Here's my full conversation with Graham:

Question: How do you guide people (in both academia and industry) to think about the evaluation of LLMs or AI models in general?

Answer: Yeah. So this is a really good question. I think there's certainly a place for academic datasets, and especially when people are trying to choose the base models that they want to be using, looking or starting out with, the scores and academic datasets is probably not a bad idea. But of course, everybody has their own, you know, specific tasks that they're interested in. And the thing that I definitely recommend that everybody do is, like, look at your data, look at the outputs and, you know, try to identify errors in there. And, you know, even if you start out by looking at the scores, running the actual outputs that you need through the model, looking at the data, iterating on that quickly, finding error cases is really important here.

Question: do you see that academic datasets sort of evolve towards more challenging and maybe more industry representative use cases?
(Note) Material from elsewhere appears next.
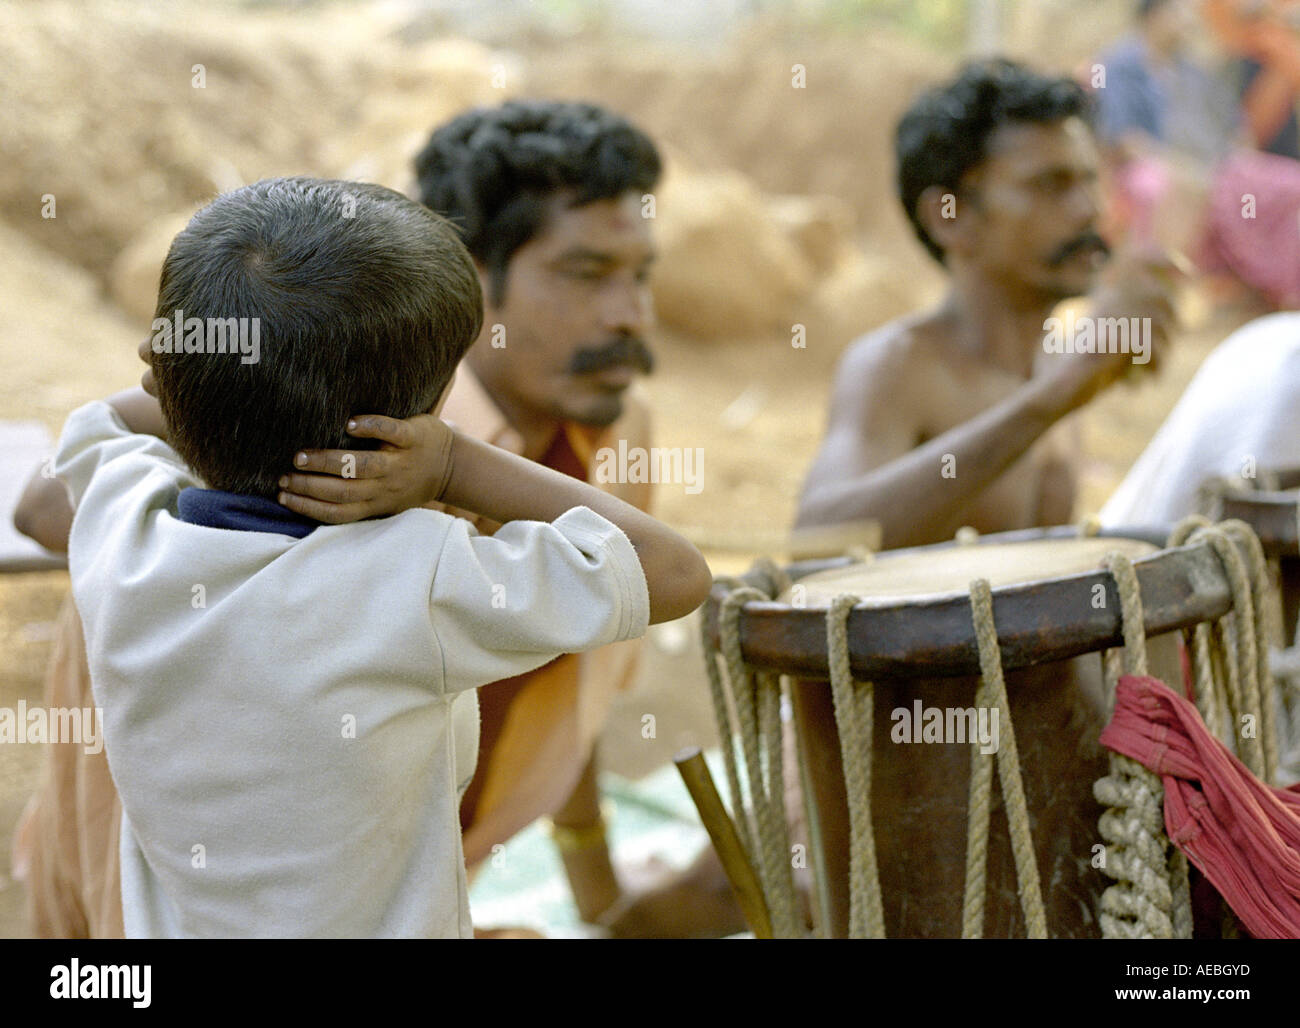 Les percussionnistes traditionnels indiens effectuer au cours d'une cérémonie au temple dans le Kerala, un garçon de ferme ses oreilles à cause du son bruyant Banque D'Images

Or is there a disconnect?

Answer: Yeah, I'm really hoping that's happening. And I kind of you know, I'm excited by the efforts in academia to keep up with this because, you know, if all the datasets we're working on ourselves, research is no fun anyway. So I think, yeah, we're moving in that direction with things like, you know, agents answering more complex questions, like very multilingual datasets, other things like that.

Question: Agents are a big theme. There are reinforcement learning agents and there is this new rising type of LLM-backed agents. How do you think about agents and where do you see them going?
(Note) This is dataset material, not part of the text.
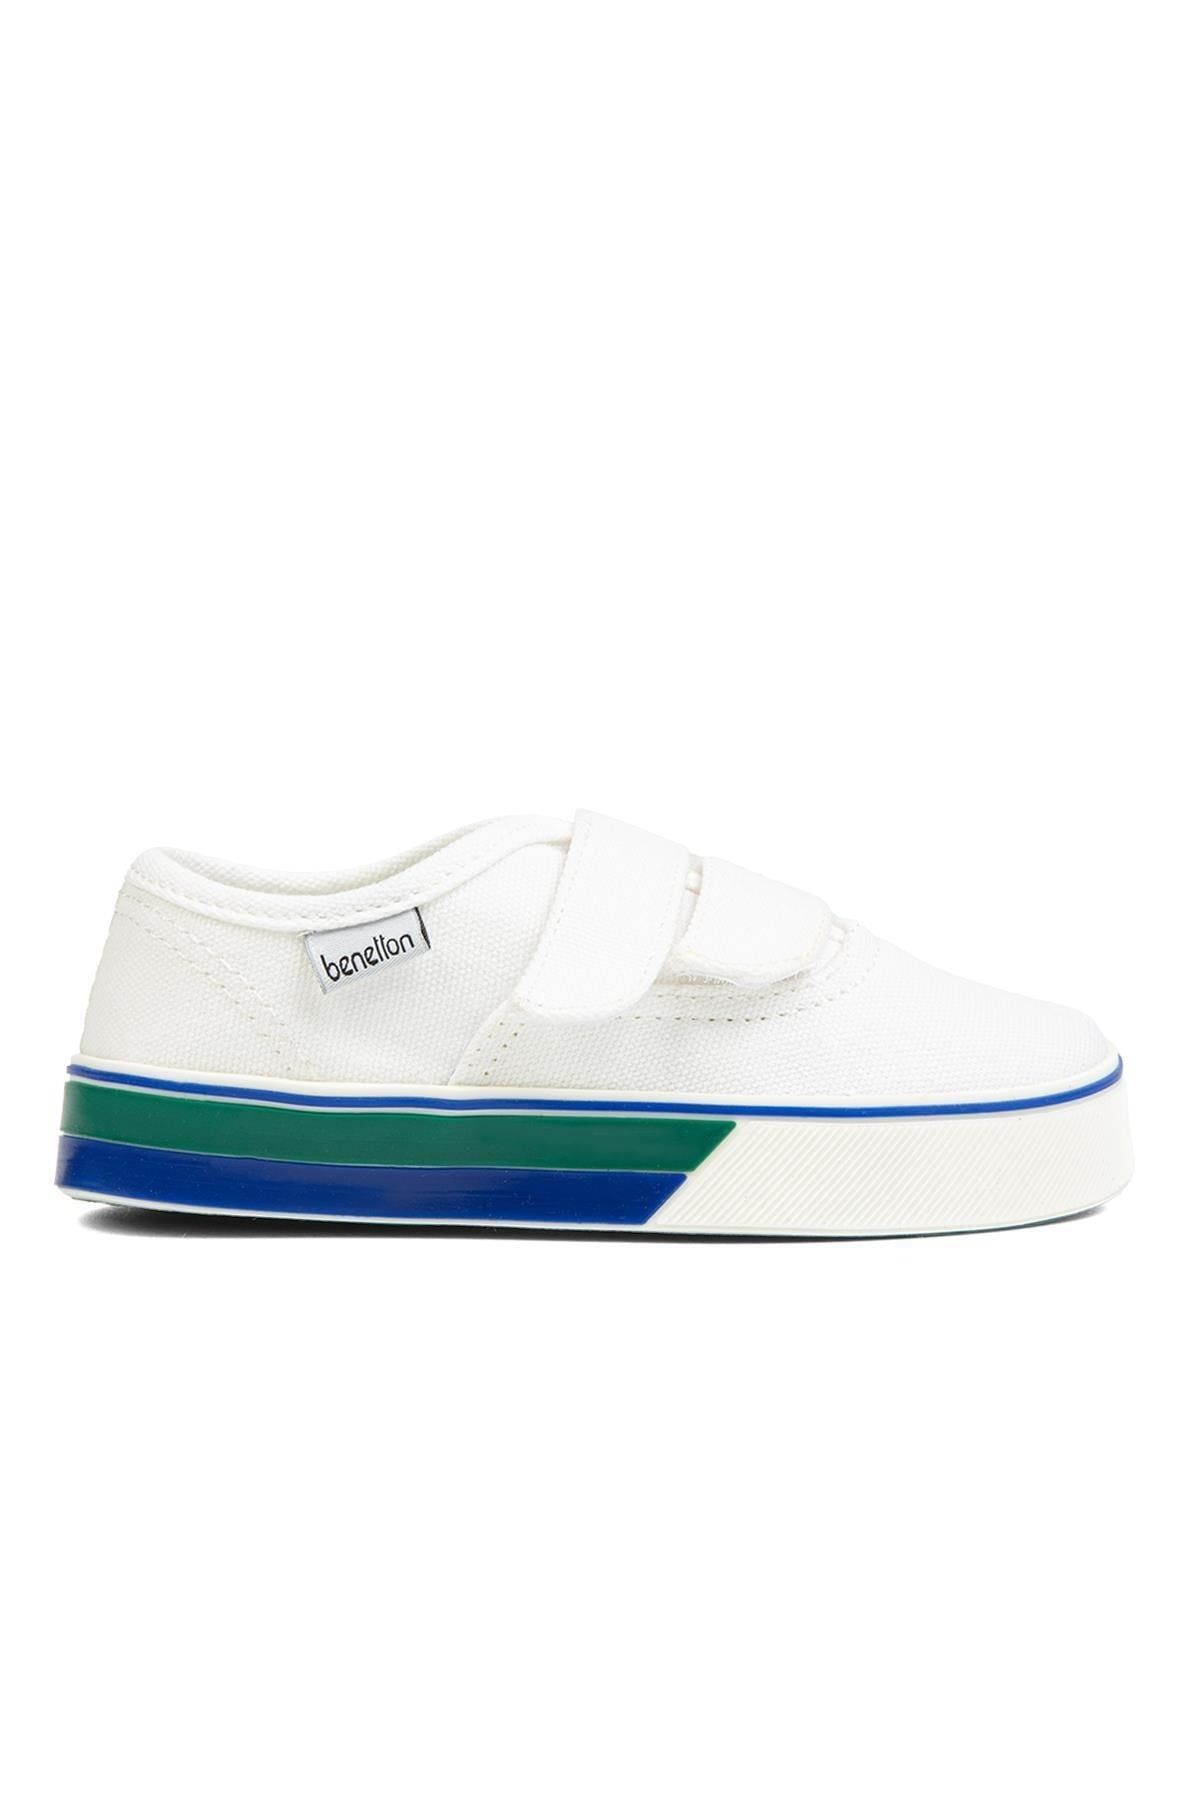 Benetton ® | BN-30960- Beyaz - Çocuk Spor Ayakkabı

Answer: Yes. So I see the LLM-backed agents. There's kind of two major categories that people are calling agents, and I actually think they're a little bit different.

The first one is just using tools to solve the task. So, for example, there are people who are trying to solve complex question-answering things like numerical reasoning or retrieval augmented generation. And any time it accesses an external tool, you could also call it an agent or something like that.
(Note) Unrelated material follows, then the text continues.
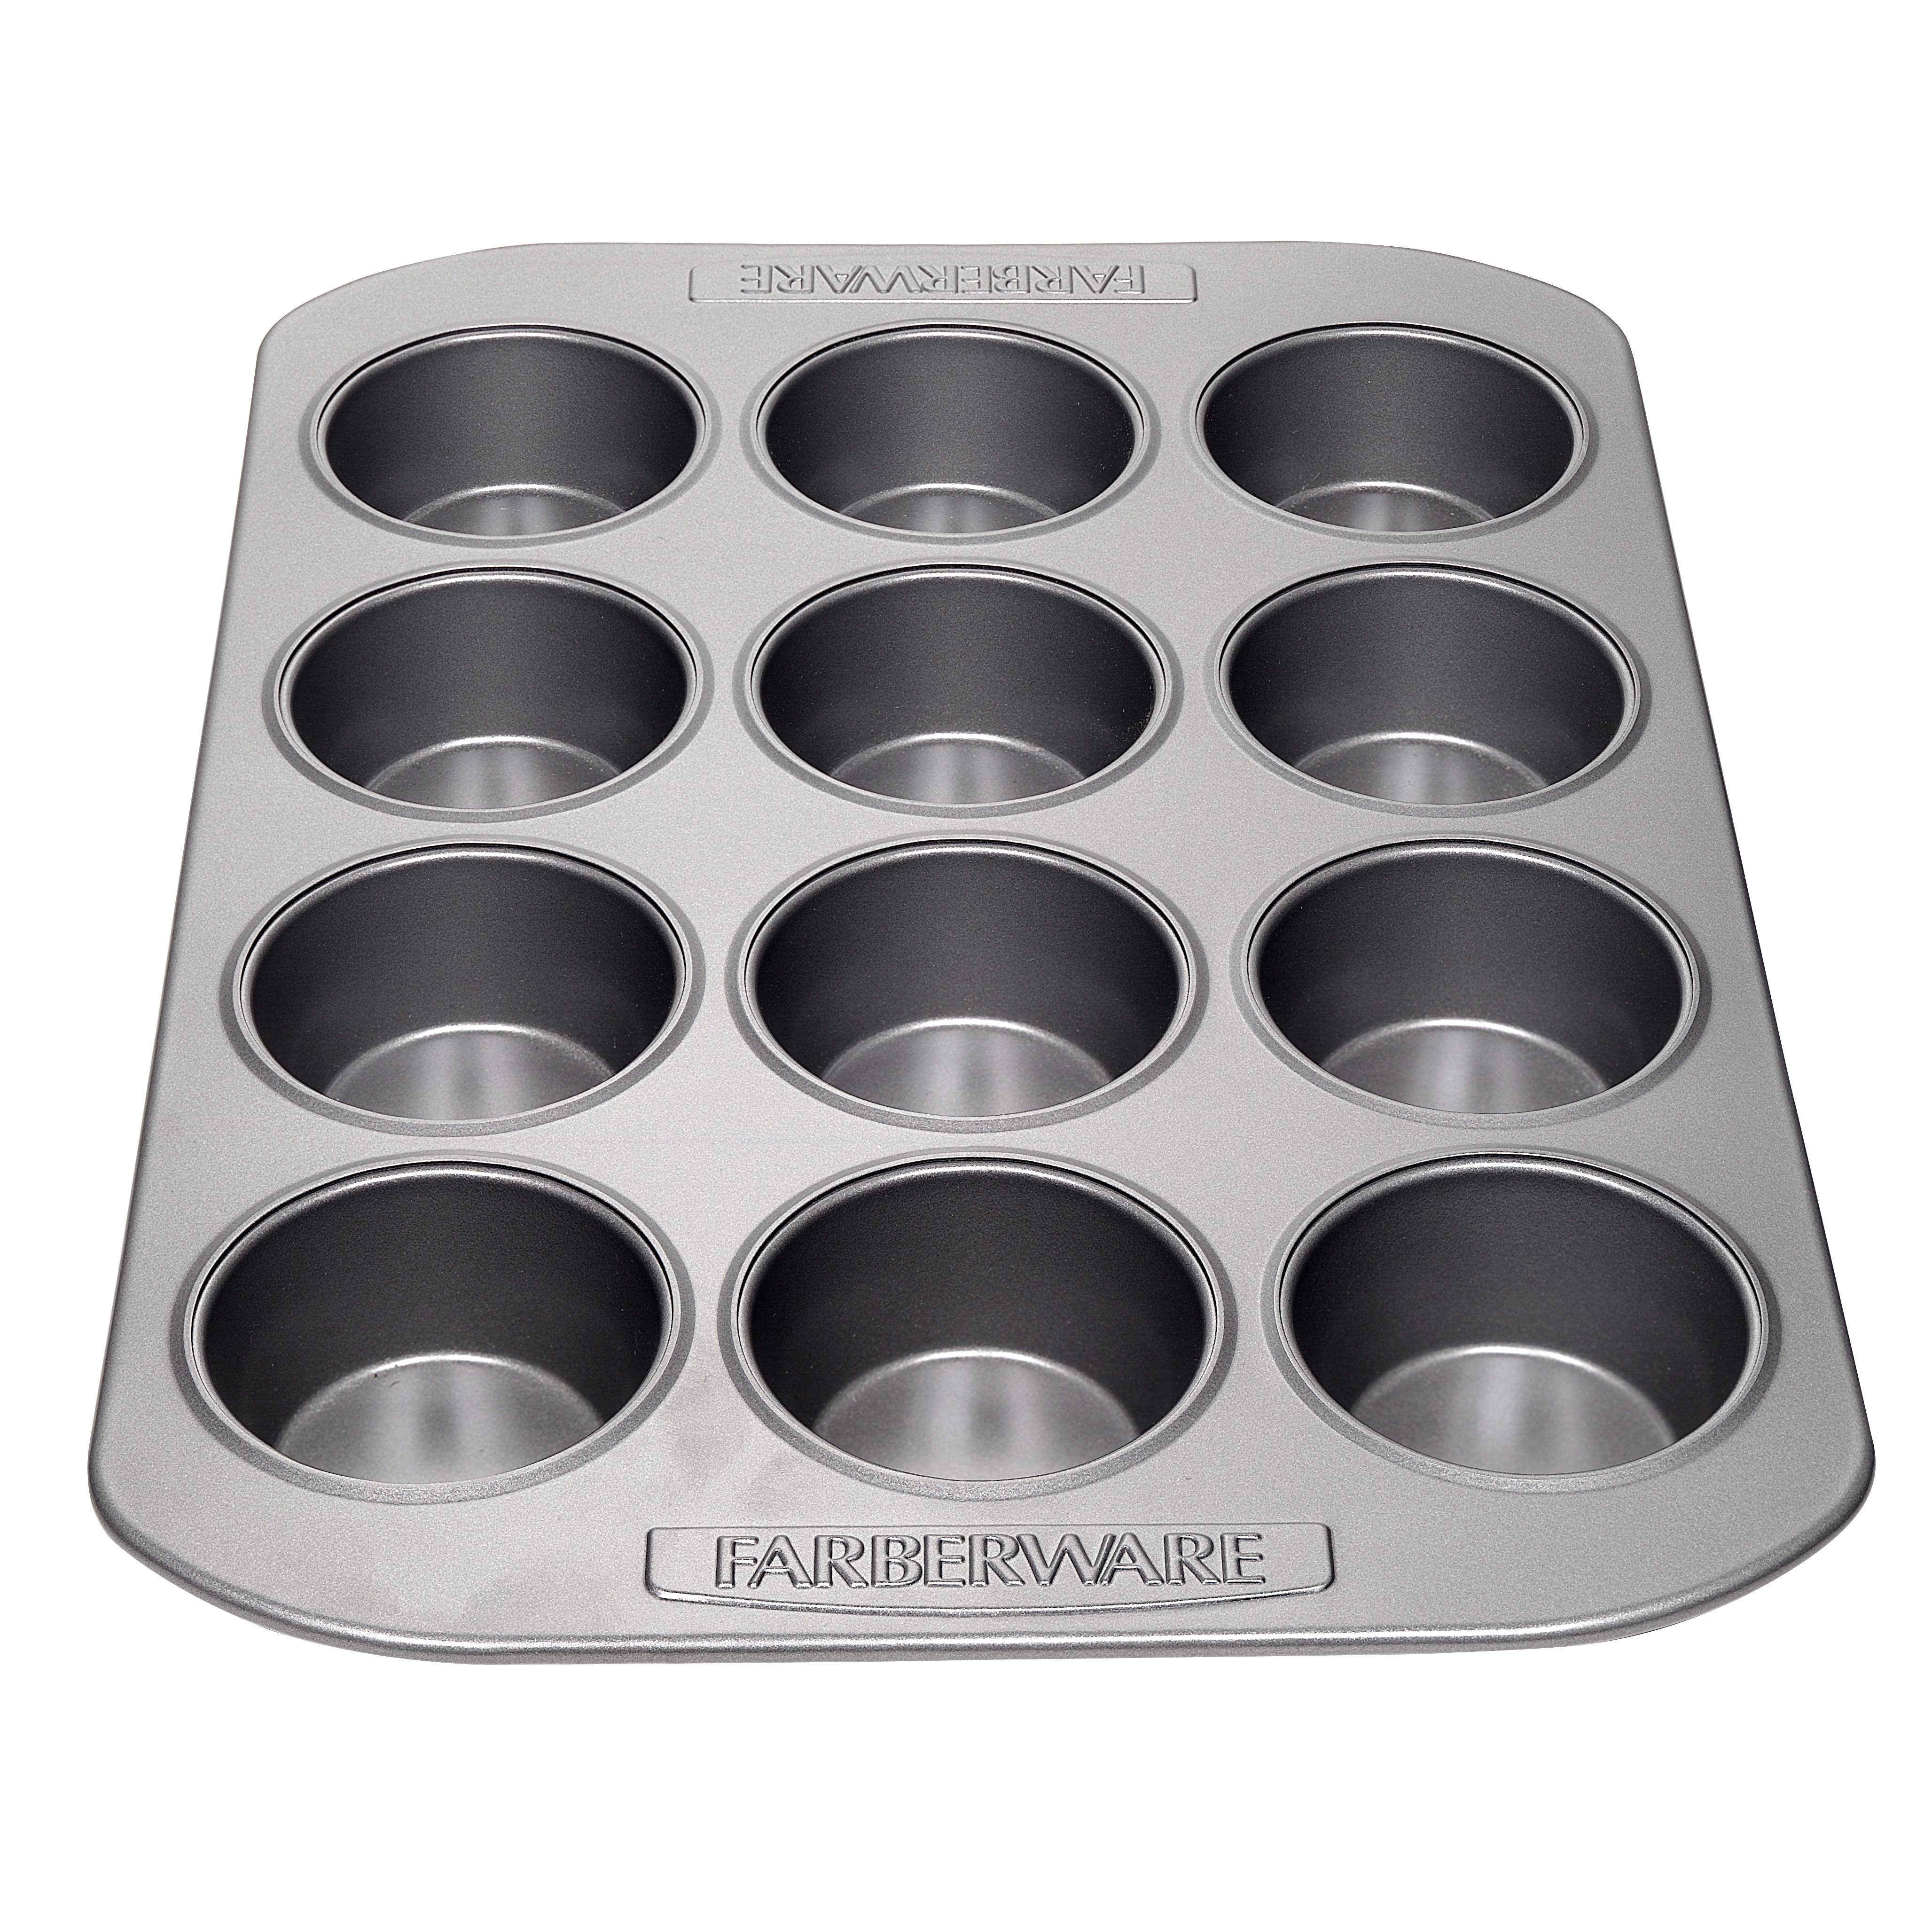 Farberware 12-Cup Bakeware Nonstick Muffin Pan,Gray - image 1 of 7

Then separately from that, there's also agents that act in the world. They actually act and make some sort of impact on the world. And that's another segment. I'm interested in both of them, but I'm maybe particularly interested in the latter where you can actually ask an agent to go out and do something for you and it will do it for you.

Question: Those agents, are they the domain of reinforcement learning alone or how do you think about non-reinforcement learning sort of methods of training and improving these agents?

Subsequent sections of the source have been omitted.